__INFORMATION SUPPLIED__:

########

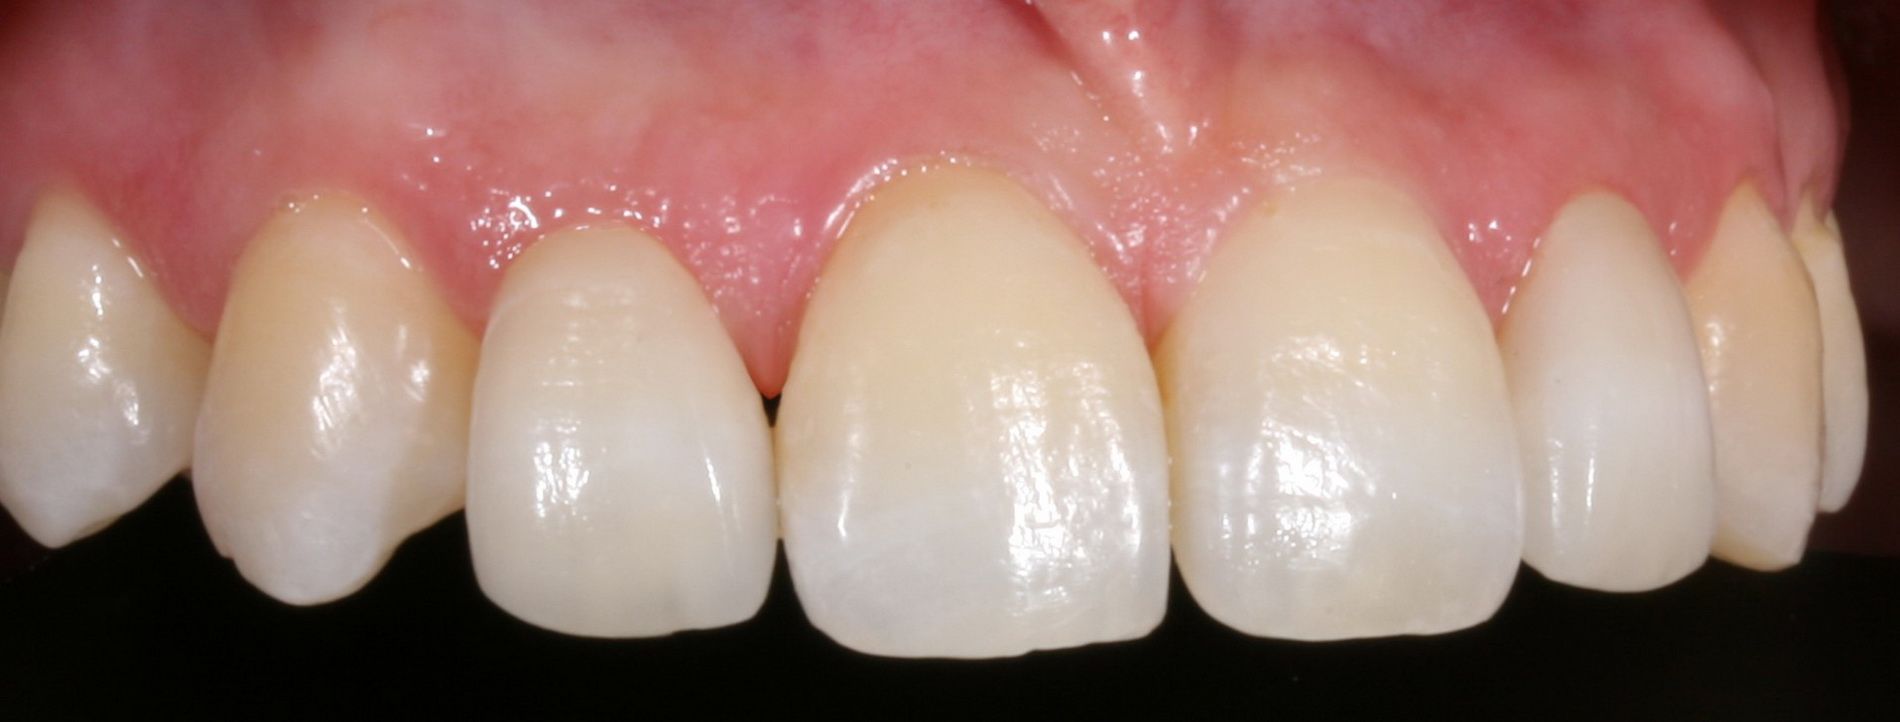 El sistema Cerec 3D de CAD-CAM dental permite confeccionar restauraciones dentales con una precisión de ajuste de 30 micras.
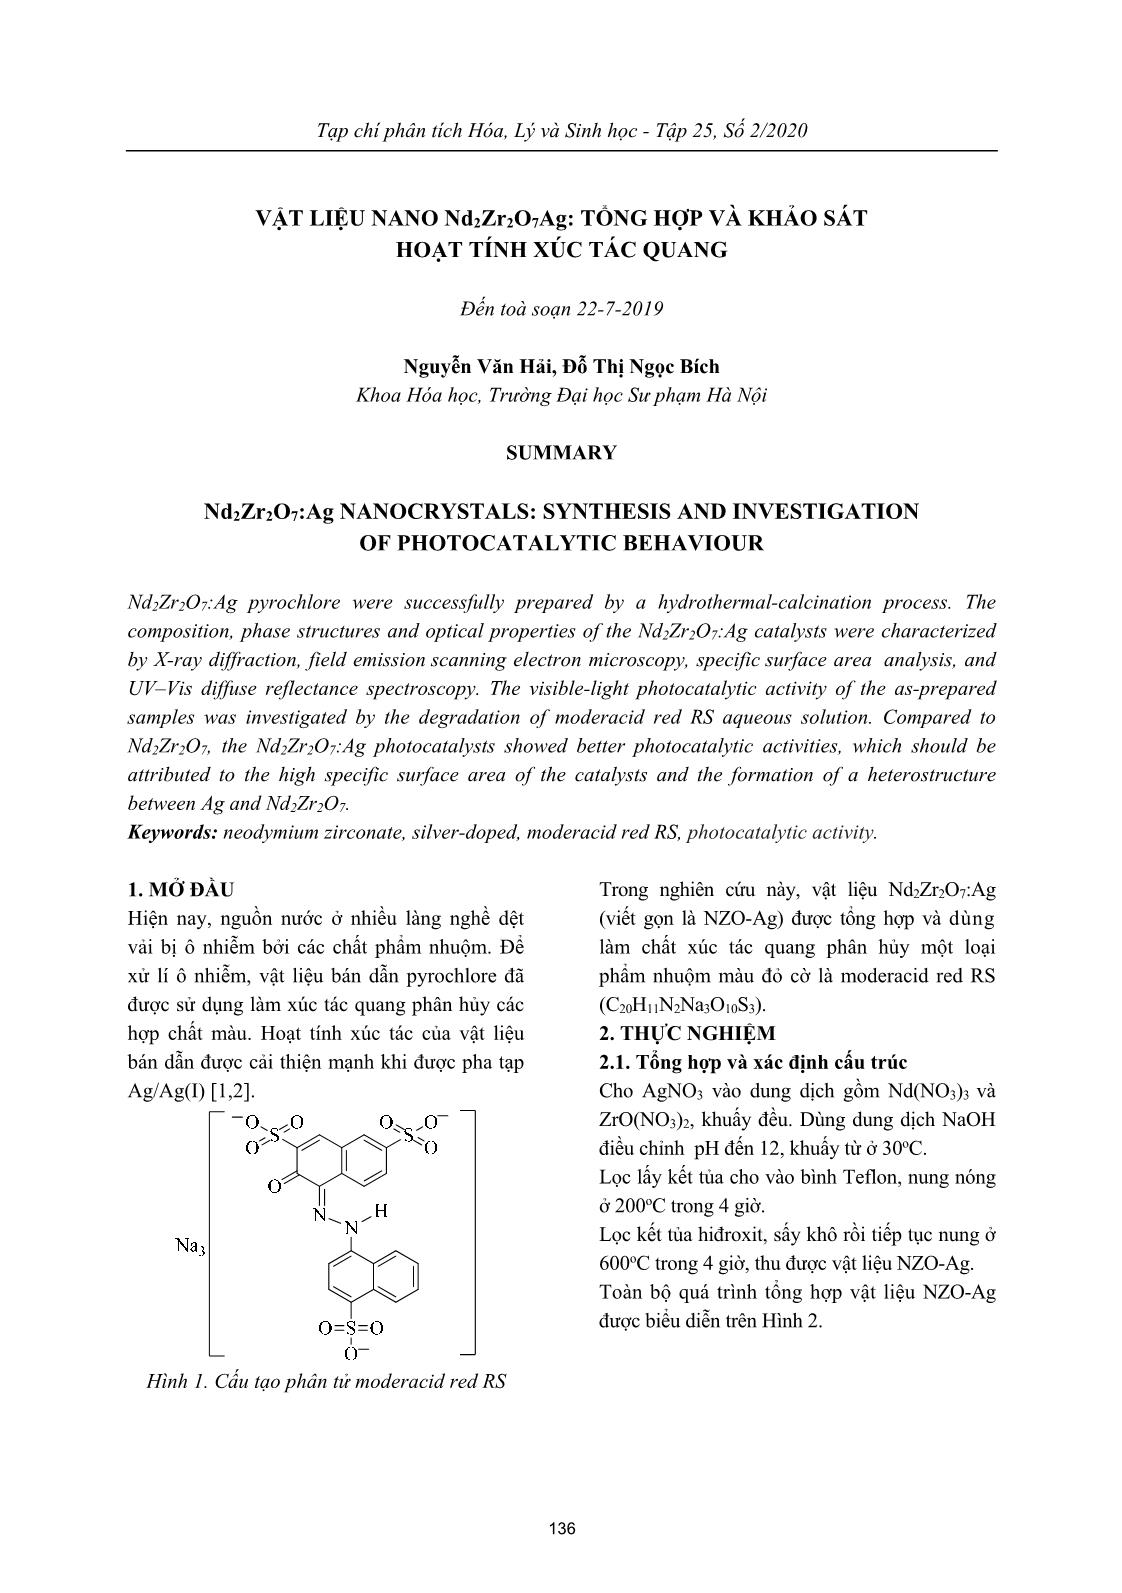 Vật liệu nano Nd₂Zr₂O₇Ag: tổng hợp và khảo sát hoạt tính xúc tác quang trang 1
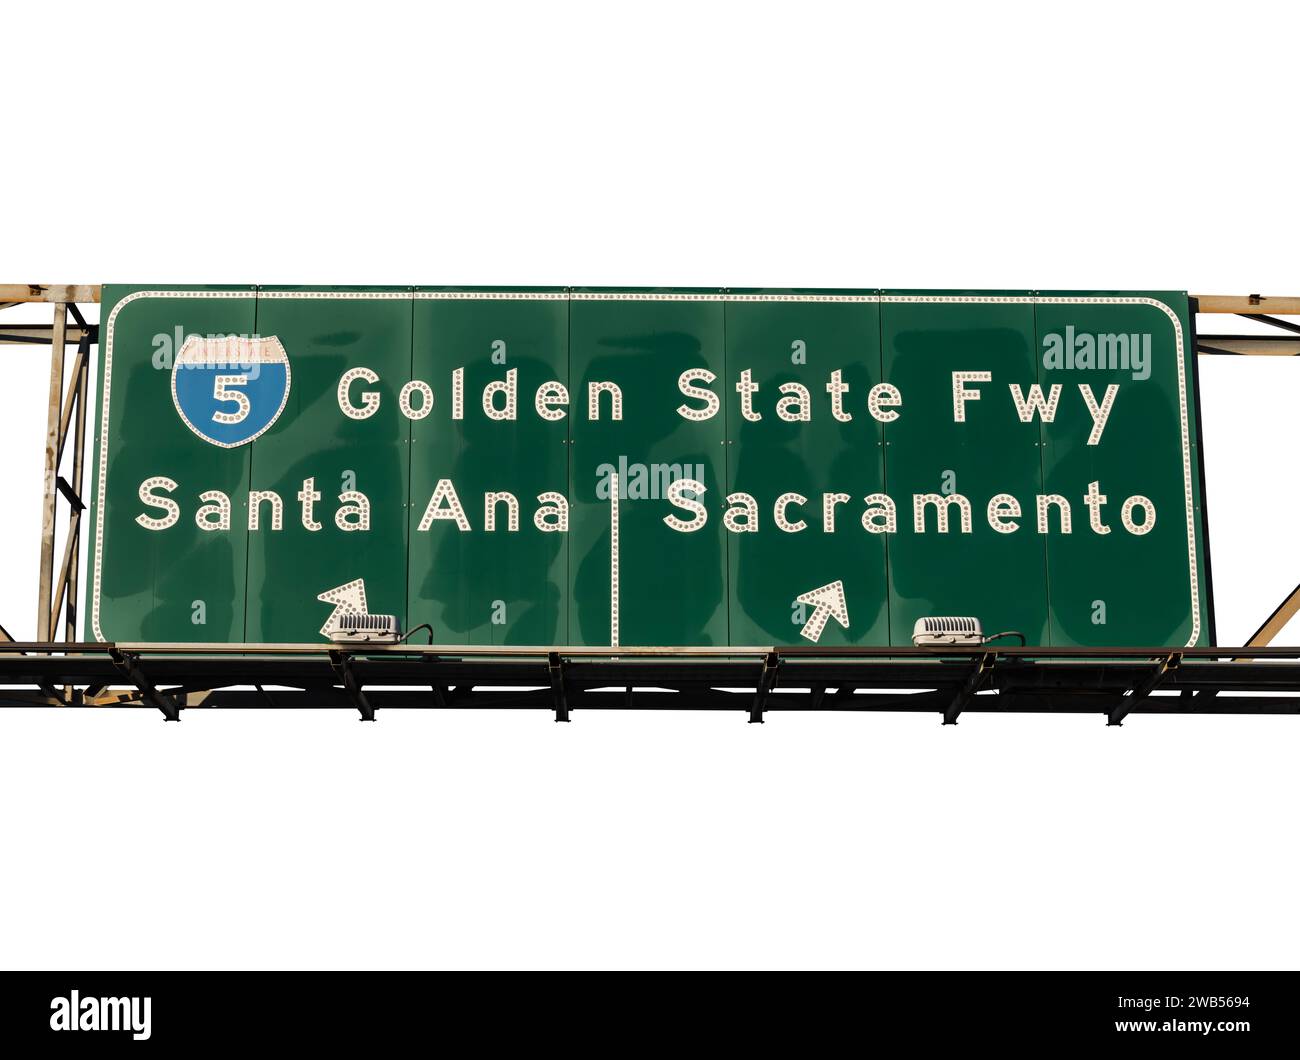 Segui l'Interstate 5 della Golden State Freeway per Santa Ana o Sacramento a Los Angeles, California. Sfondo ritagliato. Foto Stock
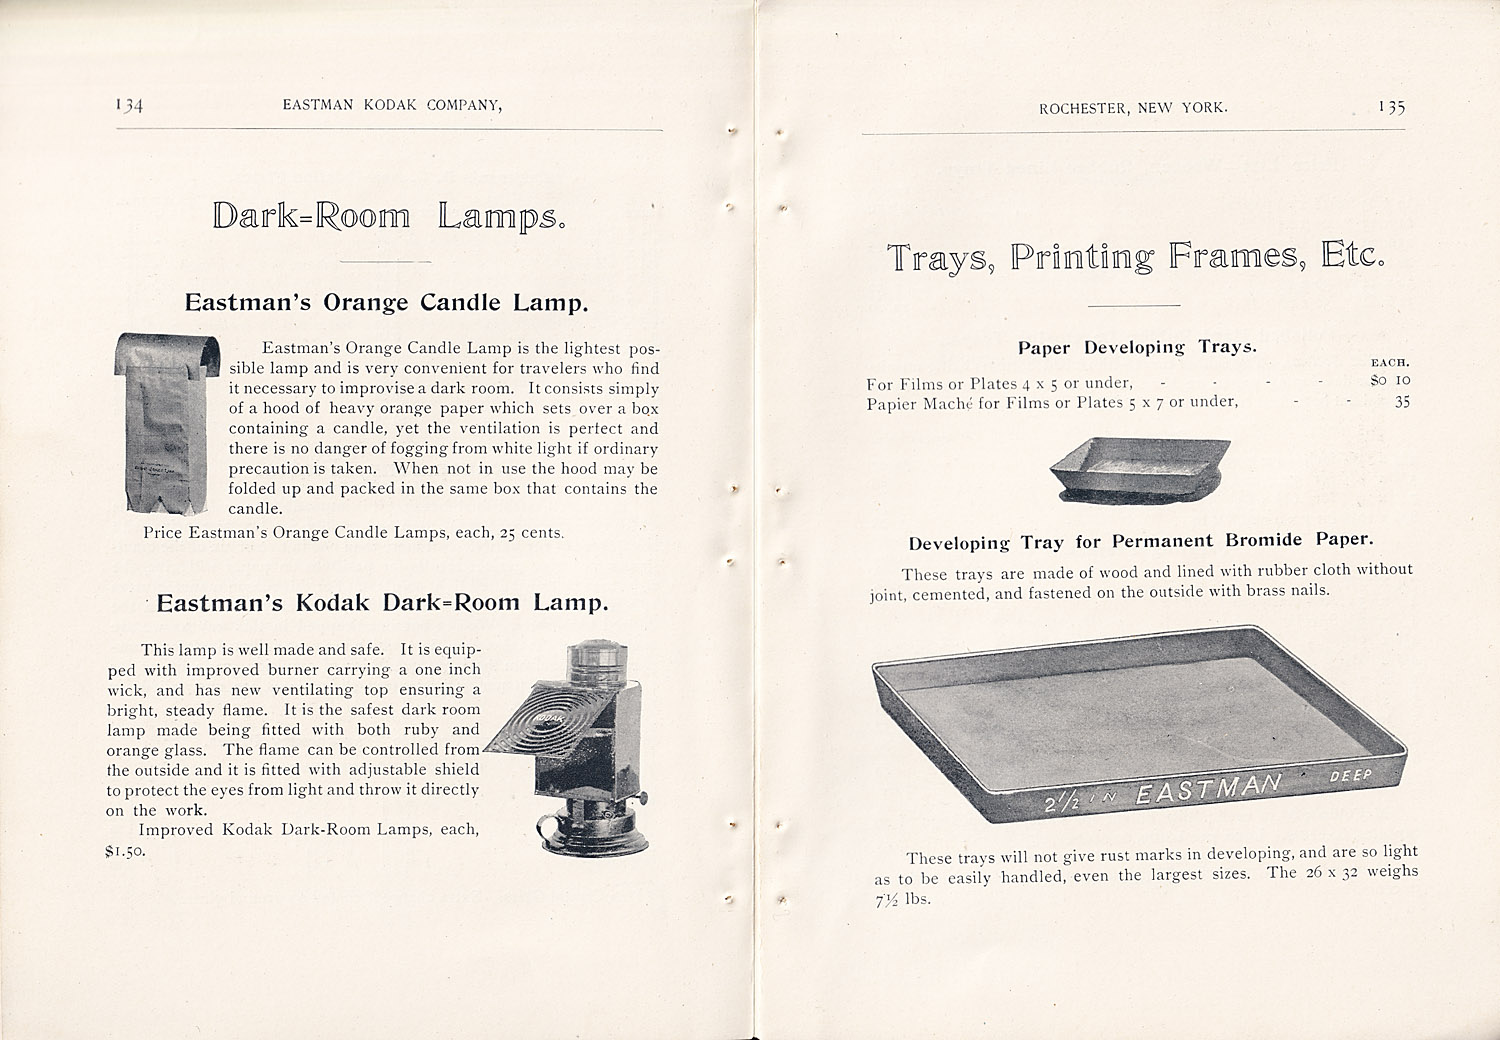 1370.ekc.kodak.products.1895-134-135-1500.jpg

########

__WHAT YOU HAVE TO DO__: Could you return exactly the lines starting with the one that contains "Vật liệu nano" and ending with the last line of the data above? Leave the pictures out.

__OUTPUT FOR THIS EXERCISE__:
 Vật liệu nano Nd₂Zr₂O₇Ag: tổng hợp và khảo sát hoạt tính xúc tác quang trang 1
 Segui l'Interstate 5 della Golden State Freeway per Santa Ana o Sacramento a Los Angeles, California. Sfondo ritagliato. Foto Stock
 1370.ekc.kodak.products.1895-134-135-1500.jpg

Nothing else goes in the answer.